Events

History Talk on Women in Early Berkeley Politics This Sunday

Steven Finacom
Saturday October 10, 2020 - 02:07:00 PM

With major movements for social, political, and cultural change dynamically underway in our own time, we’re apt to forget similar periods in the past when sea changes took place in American society and politics. 

One such era was a century ago when women in the United States finally won the right to vote nationally. The ratification of the 19th amendment in the summer of 1920, however, came only after five decades of activism for change. 

Starting this Sunday, local historian Phyllis Gale, is beginning a series of three free online talks on Zoom about the history and role of Berkeley women in winning equal rights in 1920. 

Every elected women in Berkeley history, including those on today’s City Council—which has a supermajority of six women—owes part of her success to the foundation created by Berkeley women activists a century and more ago. 

Berkeley women, including Mary McHenry Keith, the first woman to earn a law degree in California, were deeply involved in the struggle for equal rights for women on the West Coast, starting in the 1870s. 

They were leaders in the effort to win voting rights for women in California.
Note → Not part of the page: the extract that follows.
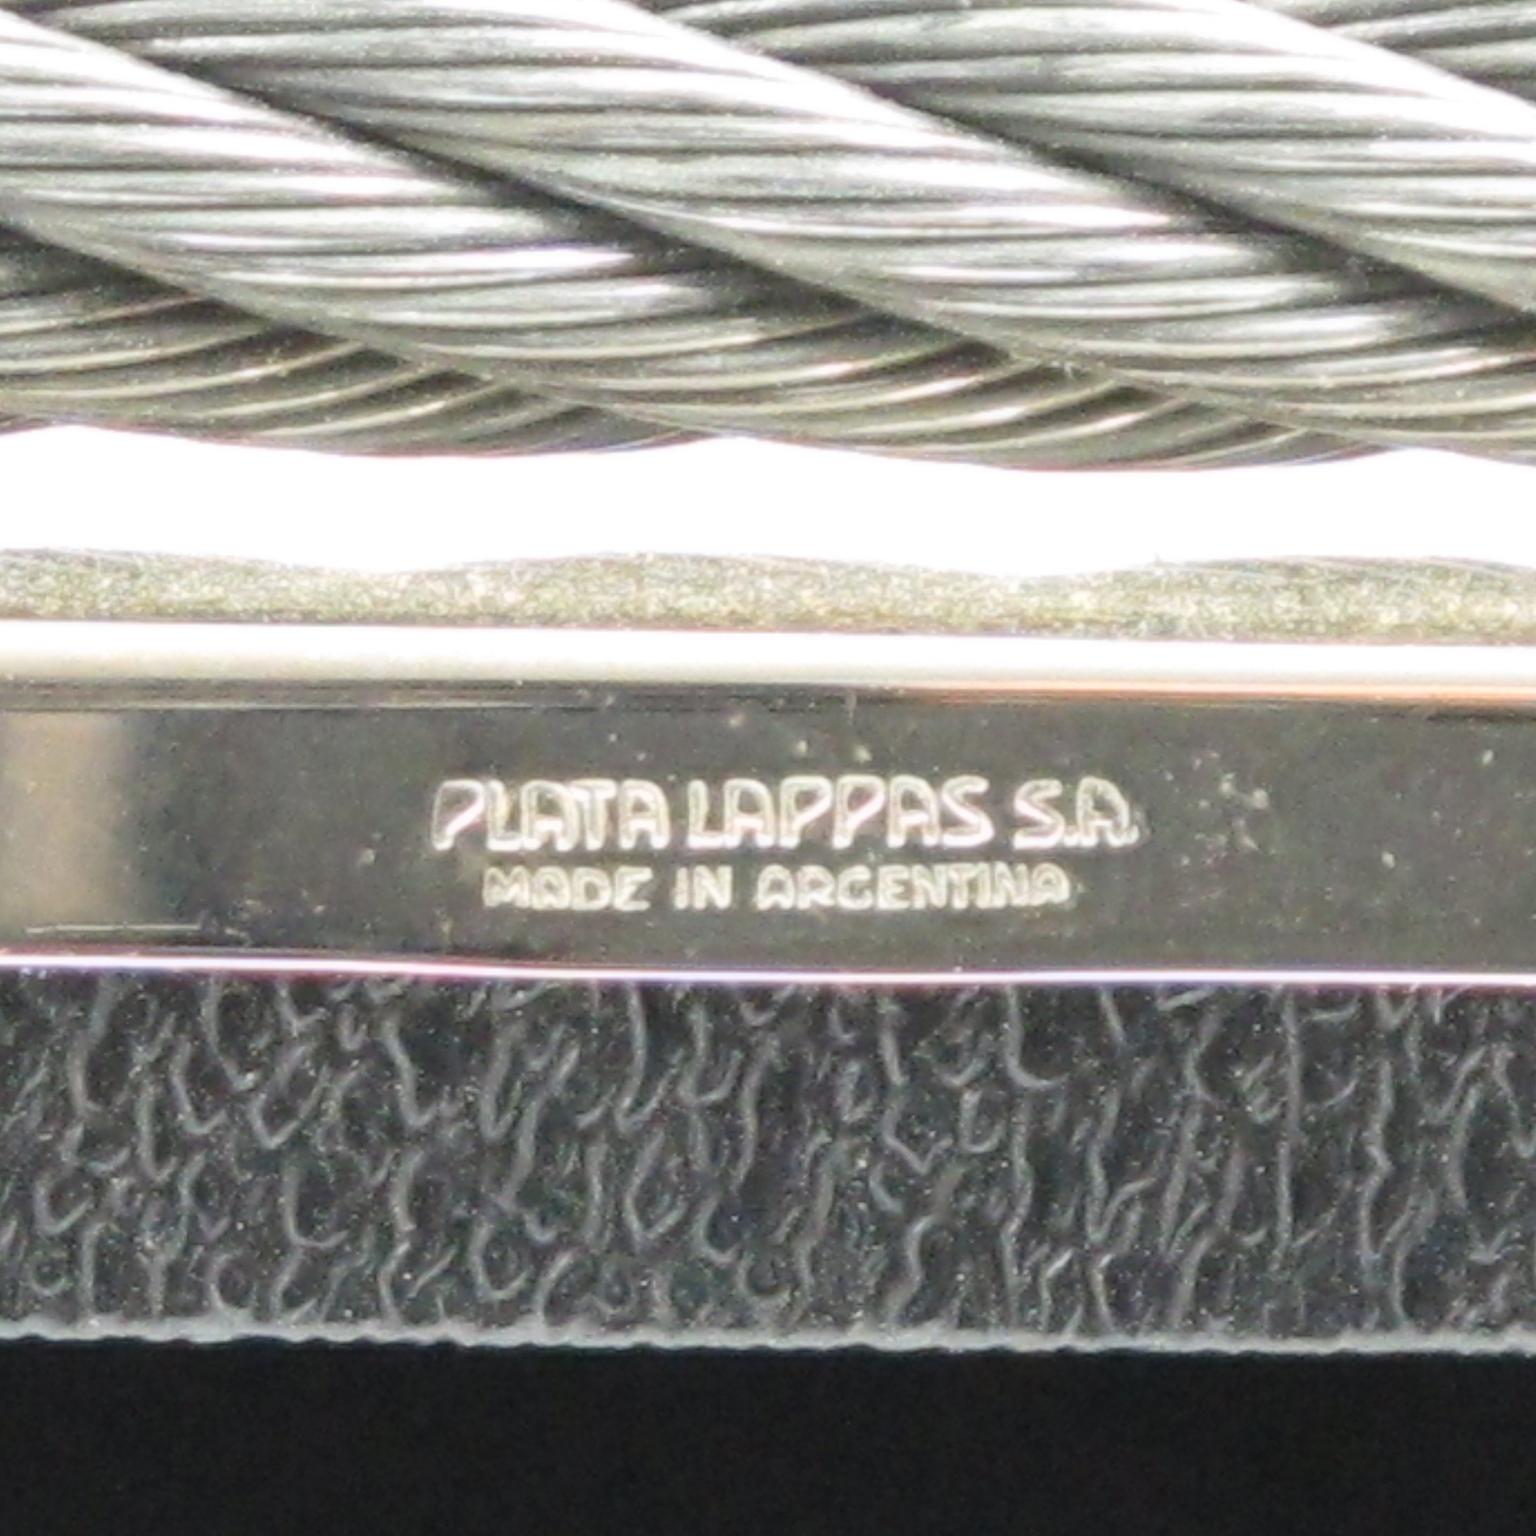 Argentine Plata Lappas Argentina Silver Plate Picture Frame

They failed at the ballot box in 1896 (of course, only men were voting) but prevailed in 1911 when California became the “Fifth Star”—the fifth state where women won equal voting rights—and helped rejuvenate the suffrage movement nationally, leading to the passage of the 19th Amendment and its eventual ratification in 1920. 

In the 1911 California election rural votes made the difference in putting the suffrage proposition over the top. Berkeley, fifth largest city in California at the time, was the only urban community to vote in favor of suffrage, due in part to the strenuous campaigning of Berkeley women, including UC co-eds. 
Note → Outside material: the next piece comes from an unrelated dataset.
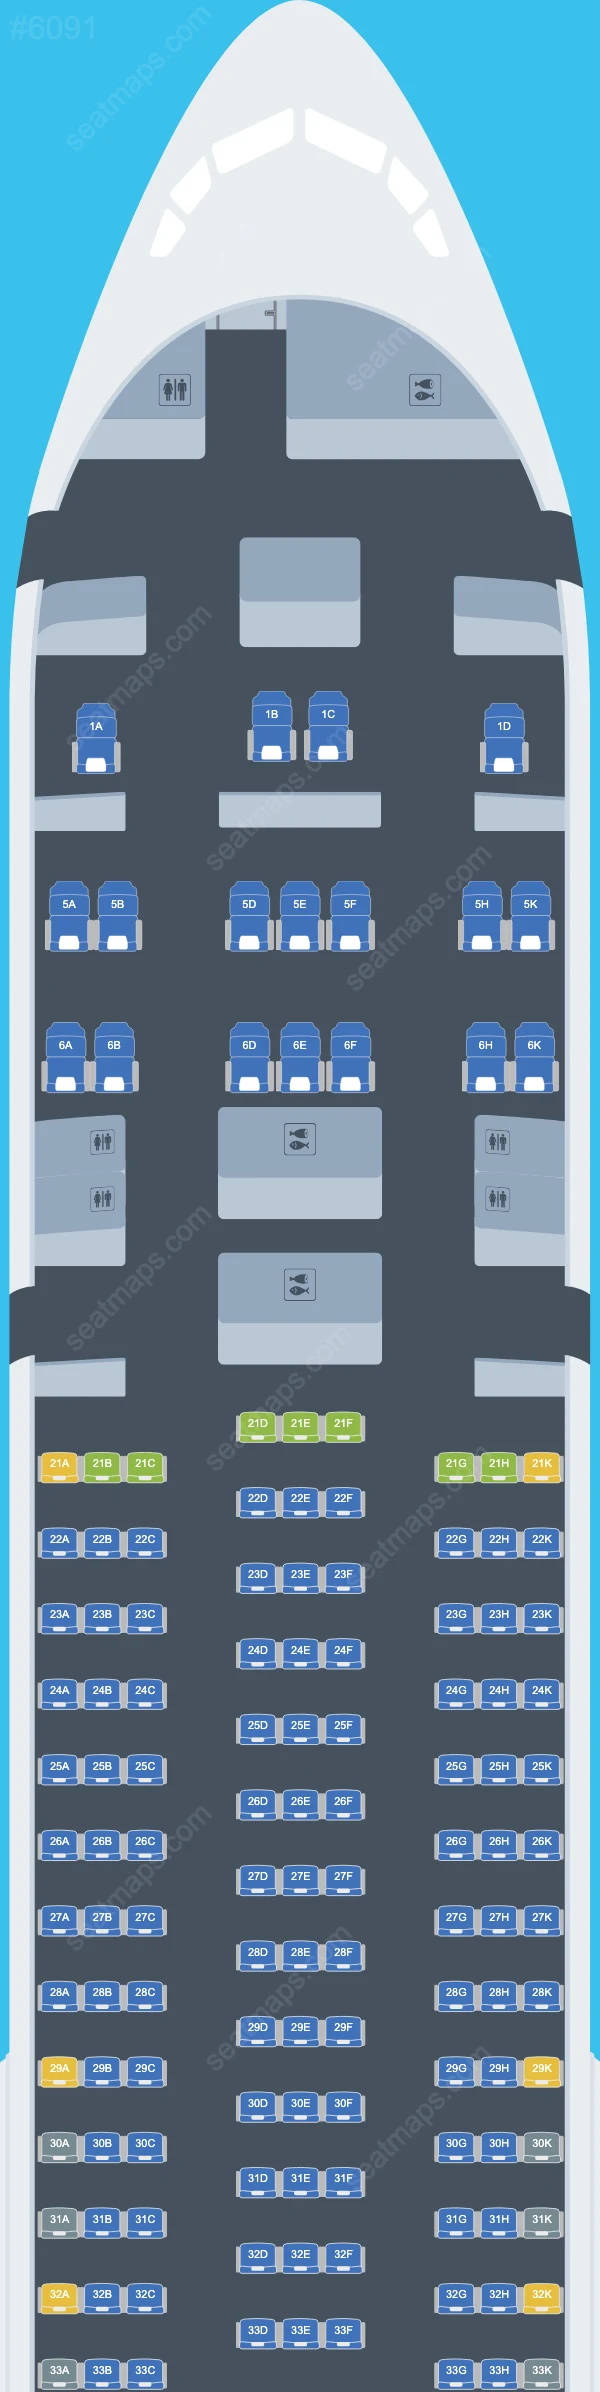 Rossiya Boeing 777 Seat Maps 777-300

Some years later Berkeley elected one of its women—Anna Saylor—to the State Legislature, part of the first class of four women to serve in that body (three of the four women had close Berkeley civic or UC ties). 

Phyllis Gale is giving her three weekend Zoom talks, starting this Sunday, October 11, 2020 on these and other local connections to the women’s suffrage movement. 
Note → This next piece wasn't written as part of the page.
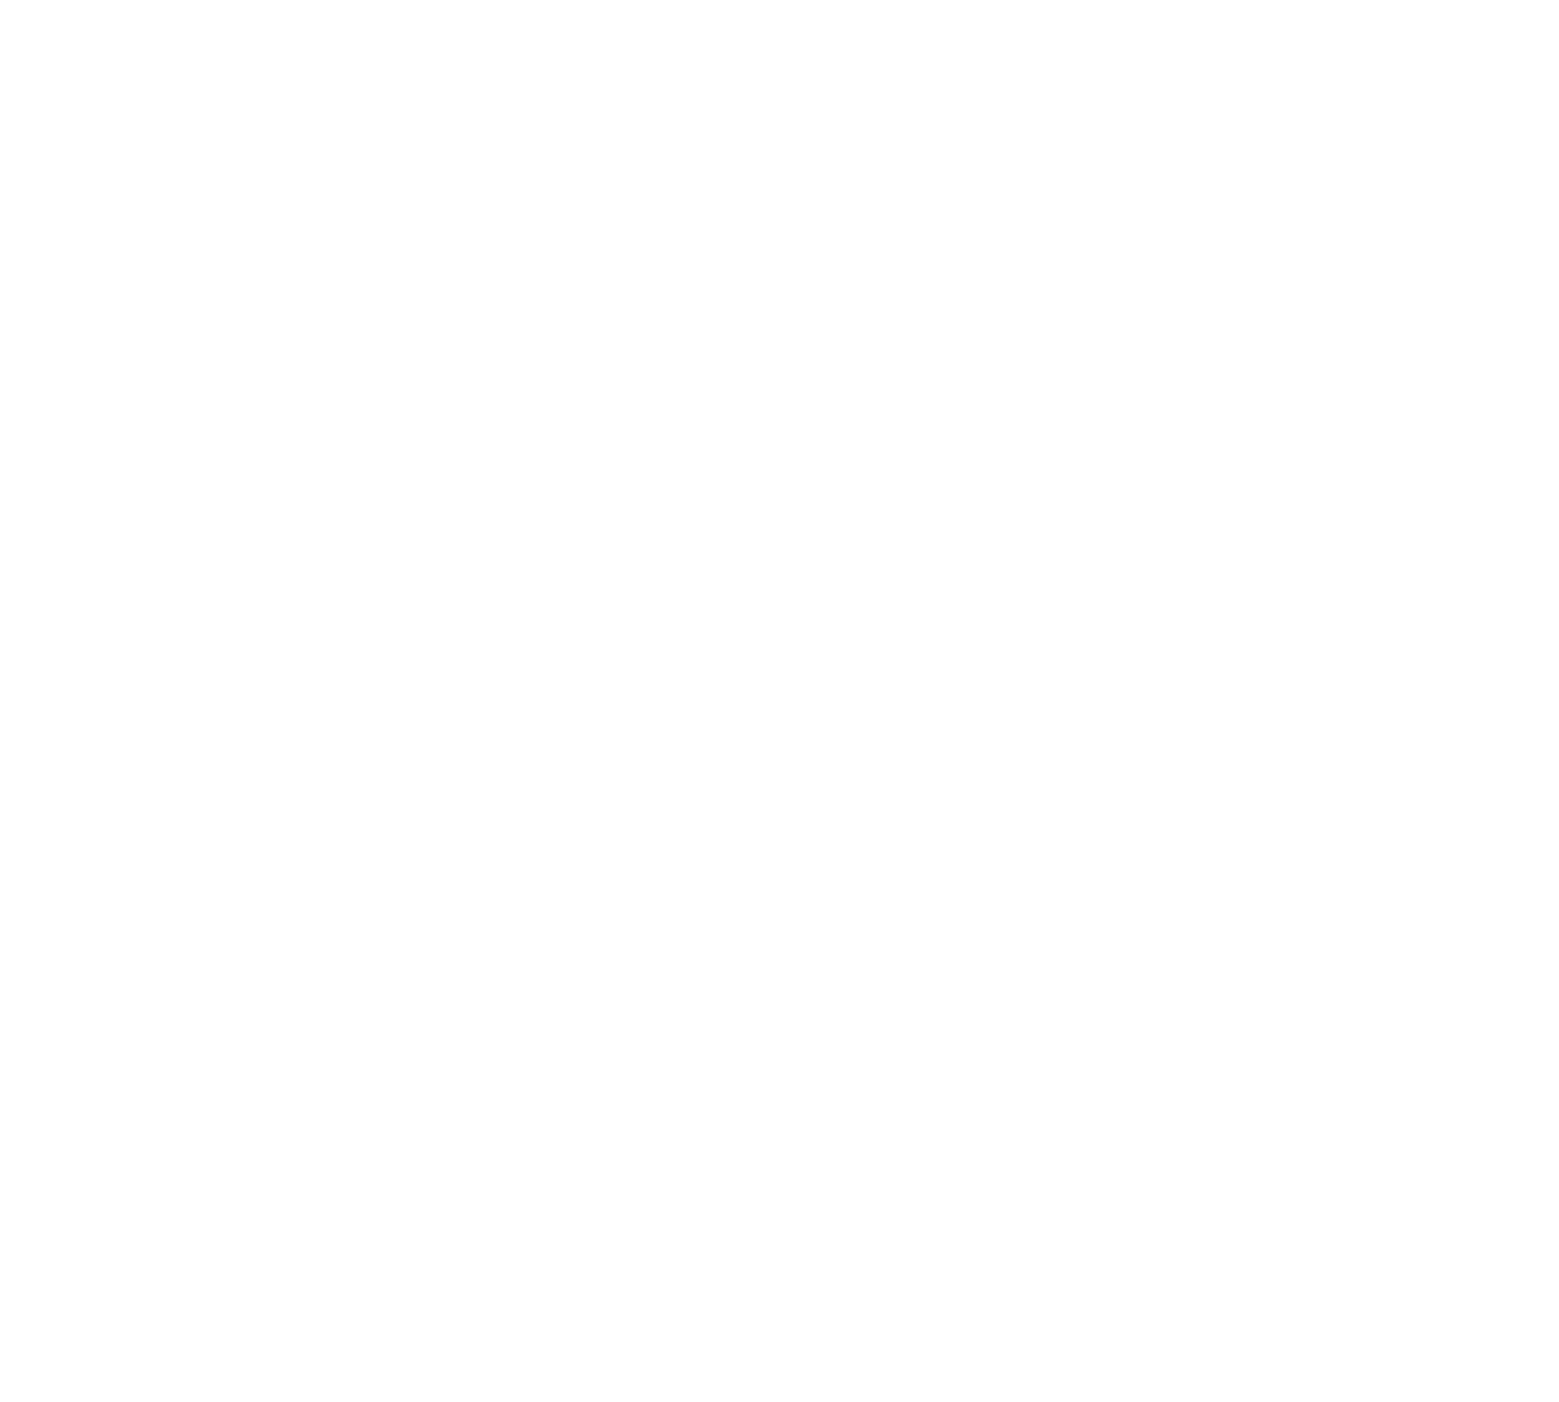 AngioDynamics logo for dark backgrounds (transparent PNG)

The series, sponsored by the American Association of University Women, is entitled “Berkeley’s Women’s Suffrage and Early Civics Actions - 1870 to 1920”. The talks are at 2:00 PM and, including questions and answers, will last about an hour.  

Registration is free, but there’s a limit of 100 tickets per talk. Register on Eventbrite at https://berkeleywomensuffragetalk.eventbrite.com/ You can register for one, two, or all three talks. 


The second talk will be on Saturday, October 24, at 2:00 PM and focus on Women’s Civic Action from 1890 to 1920. 


The third and final talk will be on Sunday, November 15, 2020, and discuss “Forgotten Women—1870-1920” from Berkeley’s political and activist history. 

Phyllis Gale is a 35 year member of the AAUW Berkeley. She’s also a volunteer and Board member with the Berkeley Historical Society and the Berkeley Architectural Heritage Association.